Growing up in an immigrant neighbourhood in Canada's Niagara region, Terri Favro was always told that "if there's a nuclear war, we'll be the first to go", due to the proximity of the Niagara hydroelectric station. Her earliest influences were superhero comics, Warner Brothers cartoons, robots, MAD magazine, Narnia, Middle Earth, her Nonno’s deliciously violent Italian fairytales and the Atomic Bomb. Her life’s ambition was to write satirical comics while living under a lunar geodesic dome.
Not much has changed. Terri is now the author of three novels, a pop-science book about robots, and comic books she creates with her visual artist husband. She’s fond of red wine, cycling, cats, Sinatra standards from the ‘50s and her sons.
Although the lunar dome thing didn’t pan out, Terri enjoys stargazing in east end Toronto whilst sipping a wet dirty martini. Or two.
Terri is currently completing edits to "The Sisters Sputnik", the sequel to her critically acclaimed speculative fiction novel "Sputnik's Children" (ECW ) which was longlisted for 2020 CBC Canada Reads and chosen as one of the Globe & Mail's 100 Best Books of 2017, CBC Books Top 10 Canadian Fiction Books of 2017, and Quill & Quire Best Books of 2017.
I really enjoy Terri Favro's writing style.

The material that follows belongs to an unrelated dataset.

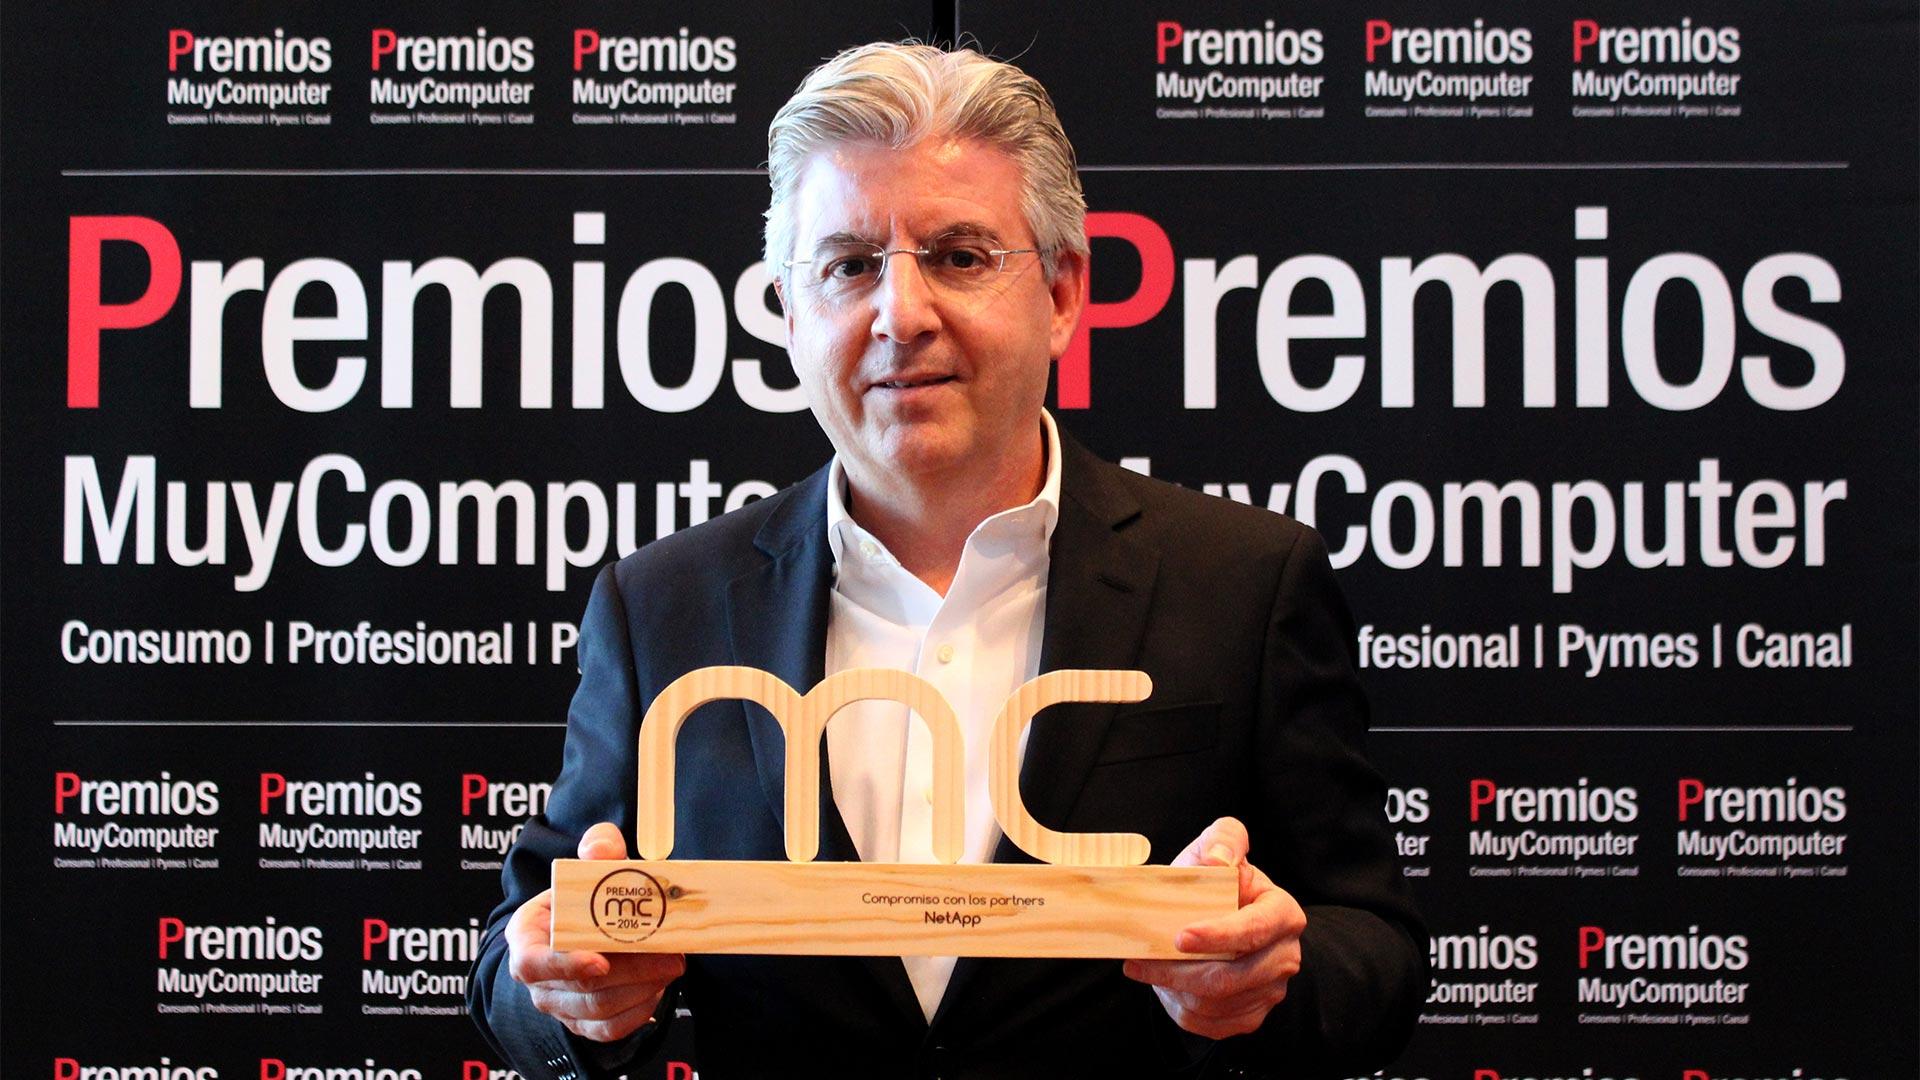 premiosmc2016-compromiso-partners-netapp

I zoomed through this book which is always a good sign for me. I liked the characters but my tired pandemic brain found the multiverse and the time travel a bit confusing. I'll take this opportunity to recommend Favro's Sputnik's Children, which is still one of my favorite books of the past decade.
This was so borderline that I went back and forth a few times trying to decide on a grade. In the end, I decided middle of the road was best. It was difficult to get into the story, being thrown into the narrative with very little prepation (the author has another novel called Sputnik's Children, which may have been required reading, but I didn't see anything indicating this was a sequel) but I thought maybe once I got into the swing of things it would settle down. Unfortunately it never seemed to find its stride and almost seemed to be tripping over itself at points.
I'm torn on pop culture references in novels. A few can be fine, but this felt too try-hard. "Like Stan Lee, you know, the guy who created Marvel Comics, do you get the reference?" It dropped references in the same way The Big Bang Theory did, for the "Oh hey I know that reference!" It was like a less obnoxious/obvious Ready Player One (people who liked Ready Player One will probably love this one).
By the end, I think the idea is good, the writing and worldbuilding is decent, but the story stringing it all together just failed to work for me.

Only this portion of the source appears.